Now, as things stand, the currently implemented fault-tolerant parsing machinery is something of a one-trick pony. And that is the trick. In these spots, it will attempt to insert a virtual “)” token to complete the production. Note however, that it will only do that under the following two conditions:

  1. Fault-tolerant parsing is turned on.
  2. The expansion is marked as being forced, which means that we are going to “force” the production to succeed even if there is erroneous input.

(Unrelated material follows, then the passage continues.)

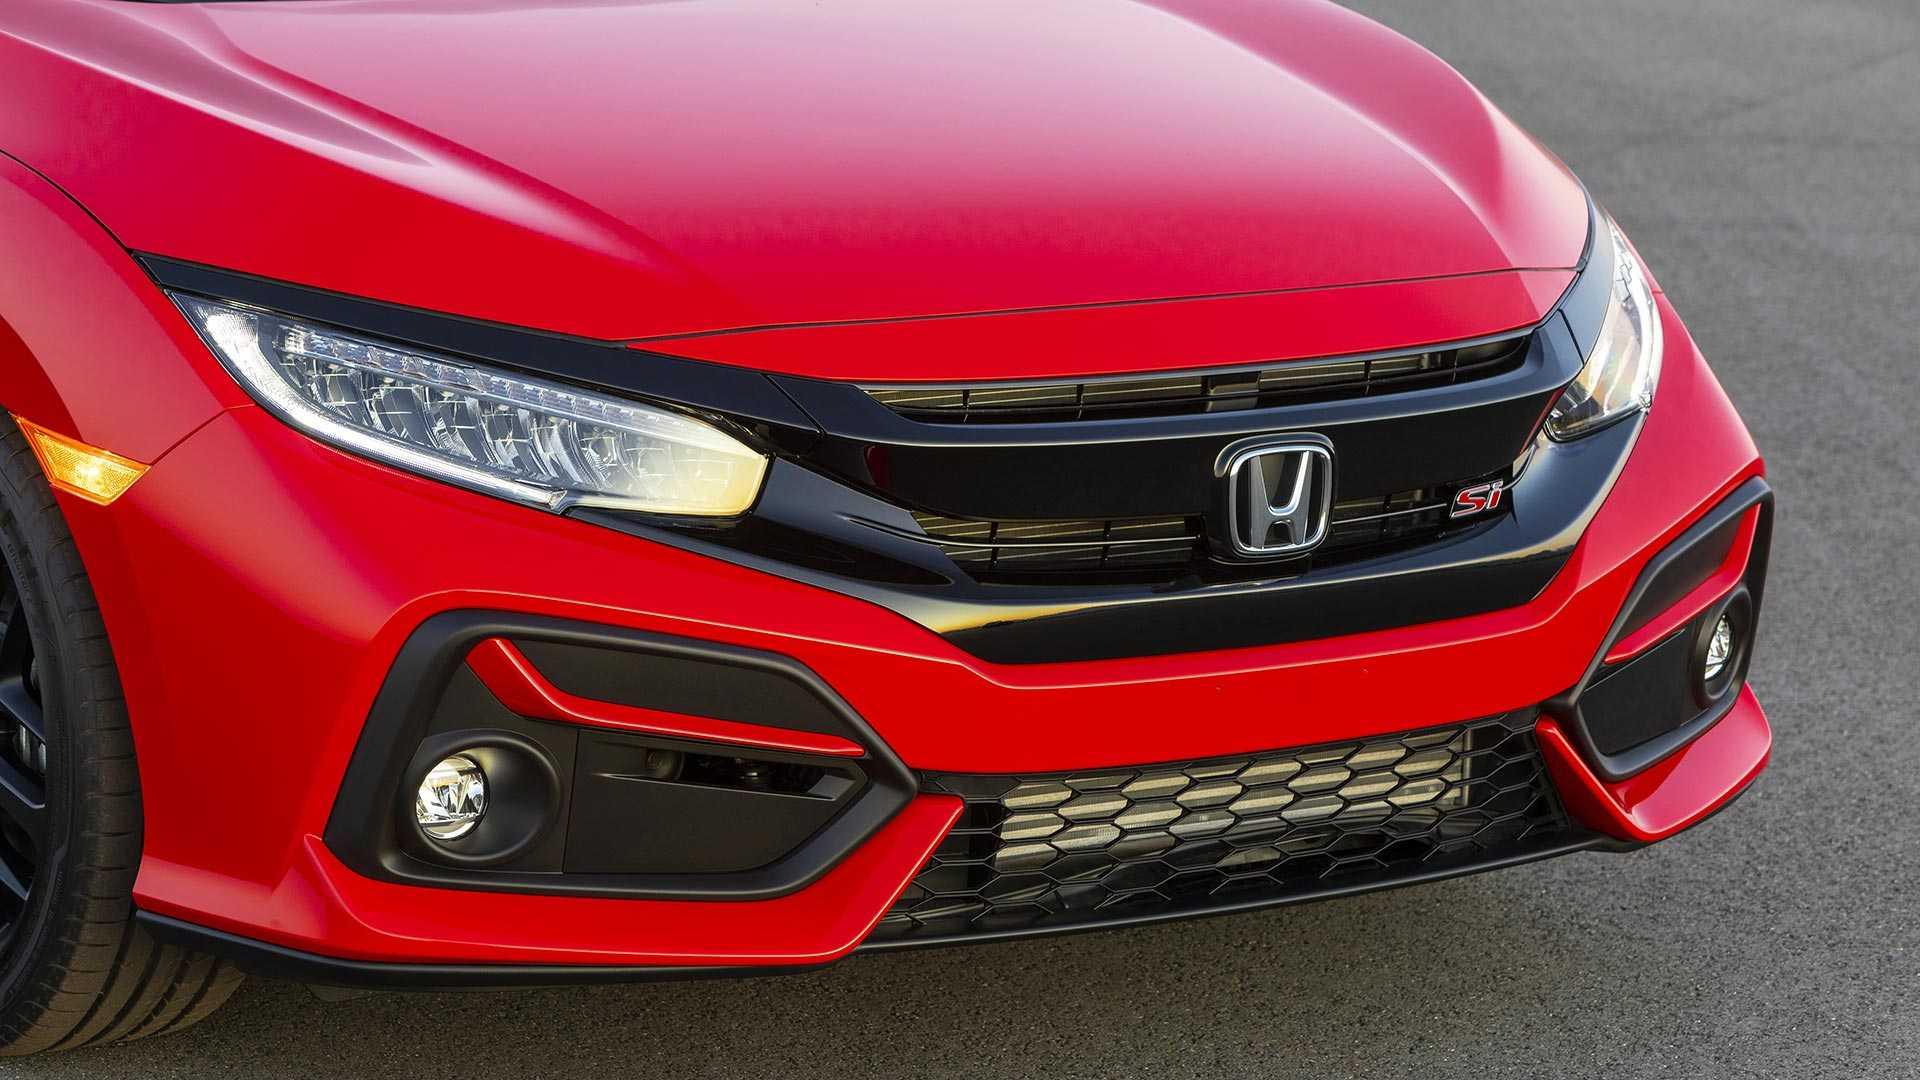 Khám phá Honda Civic Si 2020 phiên bản thể thao - 09
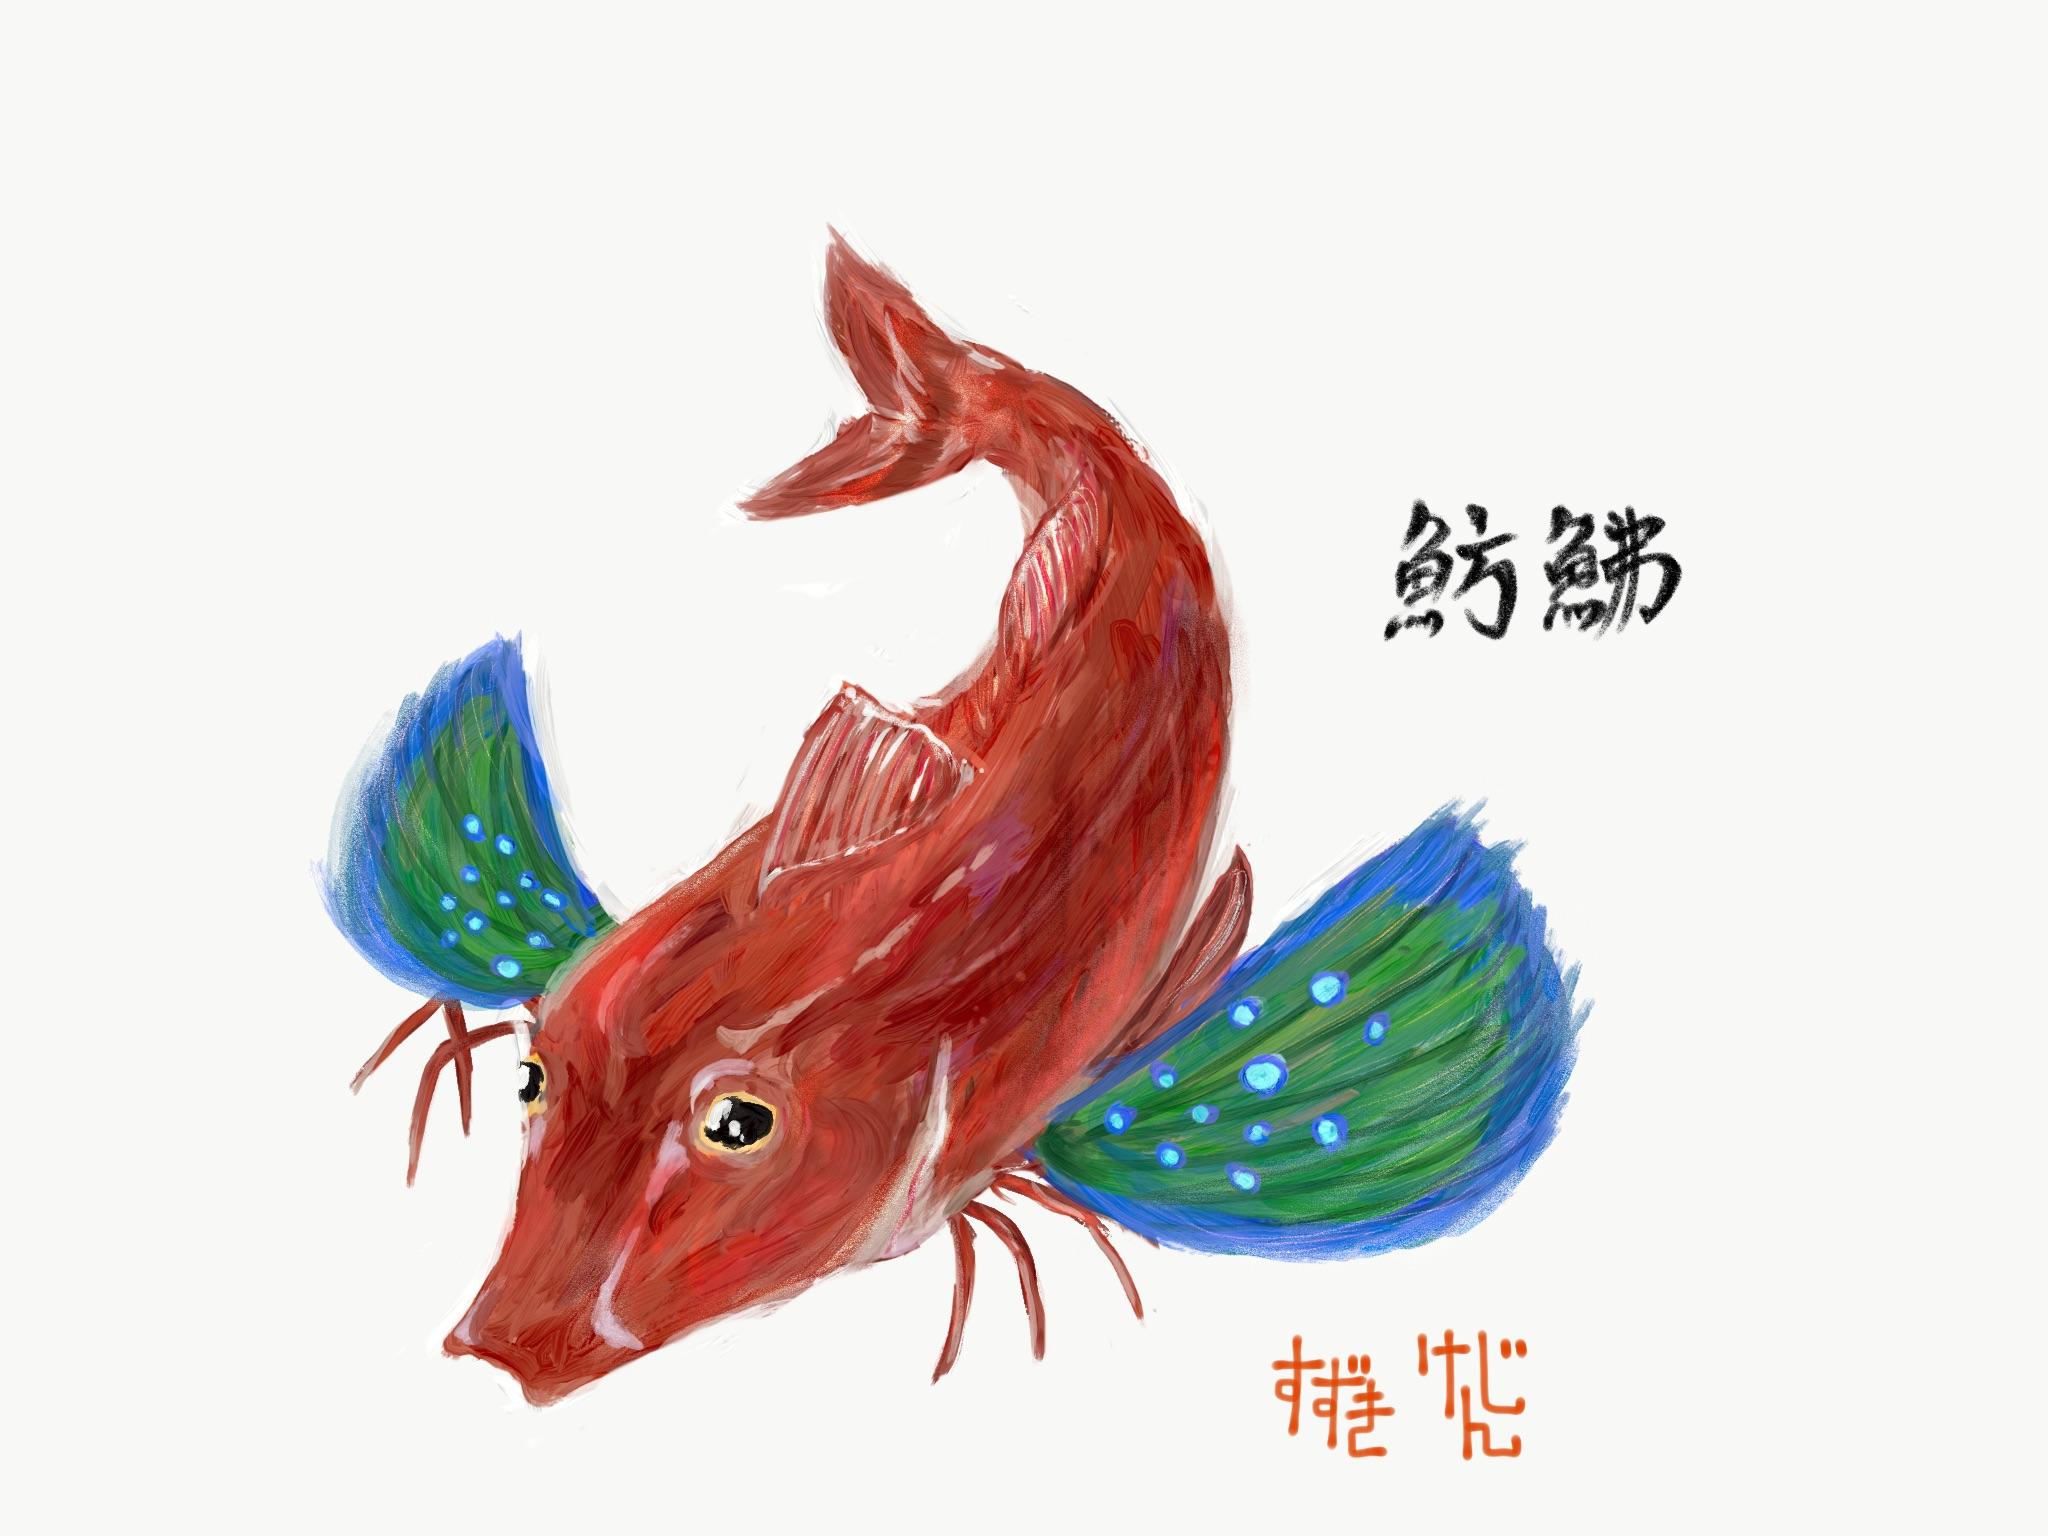 お魚イラスト 初心者の釣りブログ

The way you do the first one is:

FAULT_TOLERANT=true;

in your options. The second one requires you to put in a special annotation in the appropriate place. For example:

void ParentheticalExpression()! : {}
{
   "(" Expression() ")"
}

The exclamation mark up top means basically that we are going to force the production to complete and build a node in the AST no matter what. This means, by the way, that if the more general error condition is the problem, i.e. the parsing of the nested Expression() production failed, we catch the exception and then we will:

  1. Pretend that we somehow got past the Expression() production or really, whatever led up to the closing delimiter.
  2. Try to insert the closing delimiter, creating and inserting a virtual token if necessary. (For now, if there is more than one token type in the “final set” of the expansion, then it simply chooses the first one ordinally, i.e. the one that came first in the list.)

A One-Trick Pony

In its current state, the fault-tolerant parsing machinery could be described as basically a one-trick pony. It has a single trick really. In principle, any expansion can be marked as forced, so you can also write something like:

void KeyValuePair() : {}
{
   <IDENTIFIER> ":"! Expression()
}

In the above example, the colon between key and value is marked as forced, meaning that if it is not there, it will be inserted. So a case of the above would be somebody writing:

   name "John"

instead of:

name : "John"

and the parsing machinery, failing to find the colon after name, knows that it has to insert a virtual colon. If this, for example, was the only error in JSON file, with the above disposition, one could successfully parse the whole file and report the cases of the missing colon to the user.

Stay Tuned

Now, in closing, to clarify a key point, I do not believe that this single trick of inserting virtual tokens is going to be entirely adequate. Nonetheless, it is an experiment in progress to see how far one can get with this single trick. And doubtless, even this single trick needs some refining. Now, some refinements have been made. For example, if the inserted token’s type would require a change of lexical state, it does that currently.

It will be useful to see how much can be resolved with this trick and then also which specific problems remain unsolved. I already have some thoughts on that and can outline (even if in a somewhat wooly minded way) the steps necessary to move towards a more general solution to the fault-tolerant parsing problem. However, I shall write that up separately. Meanwhile, back to the (coding) trenches!